_Exercise prompt_. From the data below, copy exactly the lines that lie between the one holding "للأسبوع الثالث.. مشروع" and the one holding "Red Vines Twists, Original Red, 5 oz (141 g)", including both, and nothing more.

_Data to examine_.
----

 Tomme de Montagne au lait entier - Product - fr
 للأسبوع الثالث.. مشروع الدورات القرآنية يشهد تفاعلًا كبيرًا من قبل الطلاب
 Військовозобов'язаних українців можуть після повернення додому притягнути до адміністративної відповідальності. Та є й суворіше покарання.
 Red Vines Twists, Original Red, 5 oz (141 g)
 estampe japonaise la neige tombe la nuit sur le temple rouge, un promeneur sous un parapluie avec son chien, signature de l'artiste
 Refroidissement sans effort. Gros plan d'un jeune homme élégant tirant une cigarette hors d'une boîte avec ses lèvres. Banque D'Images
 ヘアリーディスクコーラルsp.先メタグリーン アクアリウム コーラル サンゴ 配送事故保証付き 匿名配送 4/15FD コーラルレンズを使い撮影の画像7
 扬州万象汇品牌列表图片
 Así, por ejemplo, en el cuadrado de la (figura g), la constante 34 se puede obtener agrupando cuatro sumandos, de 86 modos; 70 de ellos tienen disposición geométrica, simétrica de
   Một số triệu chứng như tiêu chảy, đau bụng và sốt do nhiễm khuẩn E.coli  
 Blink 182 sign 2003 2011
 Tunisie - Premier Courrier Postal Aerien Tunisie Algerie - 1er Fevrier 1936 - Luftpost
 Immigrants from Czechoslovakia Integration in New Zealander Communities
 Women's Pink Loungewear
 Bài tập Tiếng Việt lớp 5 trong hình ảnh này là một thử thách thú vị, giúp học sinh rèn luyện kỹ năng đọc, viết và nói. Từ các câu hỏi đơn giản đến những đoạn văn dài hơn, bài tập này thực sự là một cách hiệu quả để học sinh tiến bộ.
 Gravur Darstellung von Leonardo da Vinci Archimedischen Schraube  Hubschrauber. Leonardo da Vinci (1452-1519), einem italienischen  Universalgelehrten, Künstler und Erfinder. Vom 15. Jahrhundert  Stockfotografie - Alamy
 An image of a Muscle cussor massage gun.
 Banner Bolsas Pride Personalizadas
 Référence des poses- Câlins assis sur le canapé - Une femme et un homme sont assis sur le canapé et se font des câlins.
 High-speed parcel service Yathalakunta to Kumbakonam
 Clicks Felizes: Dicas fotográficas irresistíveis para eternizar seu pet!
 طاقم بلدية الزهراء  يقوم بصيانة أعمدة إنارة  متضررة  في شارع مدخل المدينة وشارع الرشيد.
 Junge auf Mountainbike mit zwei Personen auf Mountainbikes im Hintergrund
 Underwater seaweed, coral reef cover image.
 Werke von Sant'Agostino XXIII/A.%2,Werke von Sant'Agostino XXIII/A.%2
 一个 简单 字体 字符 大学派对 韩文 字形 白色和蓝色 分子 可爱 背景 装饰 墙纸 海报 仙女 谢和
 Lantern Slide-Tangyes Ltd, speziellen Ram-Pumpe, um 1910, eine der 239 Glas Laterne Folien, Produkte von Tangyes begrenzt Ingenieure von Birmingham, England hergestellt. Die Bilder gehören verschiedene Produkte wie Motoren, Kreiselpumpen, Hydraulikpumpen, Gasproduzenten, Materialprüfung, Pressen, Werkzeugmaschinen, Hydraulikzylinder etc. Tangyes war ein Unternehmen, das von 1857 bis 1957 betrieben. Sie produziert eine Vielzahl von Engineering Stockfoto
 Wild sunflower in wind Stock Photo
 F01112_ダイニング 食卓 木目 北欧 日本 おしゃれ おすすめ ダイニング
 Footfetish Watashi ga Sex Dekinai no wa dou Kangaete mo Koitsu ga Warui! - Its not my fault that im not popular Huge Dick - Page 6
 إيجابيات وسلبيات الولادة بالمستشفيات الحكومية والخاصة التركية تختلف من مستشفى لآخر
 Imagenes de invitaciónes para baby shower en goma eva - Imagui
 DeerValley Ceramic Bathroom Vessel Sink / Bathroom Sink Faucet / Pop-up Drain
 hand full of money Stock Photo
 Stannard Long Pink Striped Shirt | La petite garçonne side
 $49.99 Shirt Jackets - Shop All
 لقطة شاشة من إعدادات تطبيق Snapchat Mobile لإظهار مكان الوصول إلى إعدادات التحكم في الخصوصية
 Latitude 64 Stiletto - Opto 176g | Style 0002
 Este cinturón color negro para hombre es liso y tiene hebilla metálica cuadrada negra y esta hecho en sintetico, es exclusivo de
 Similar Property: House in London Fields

----

_Problem solution_.
 للأسبوع الثالث.. مشروع الدورات القرآنية يشهد تفاعلًا كبيرًا من قبل الطلاب
 Військовозобов'язаних українців можуть після повернення додому притягнути до адміністративної відповідальності. Та є й суворіше покарання.
 Red Vines Twists, Original Red, 5 oz (141 g)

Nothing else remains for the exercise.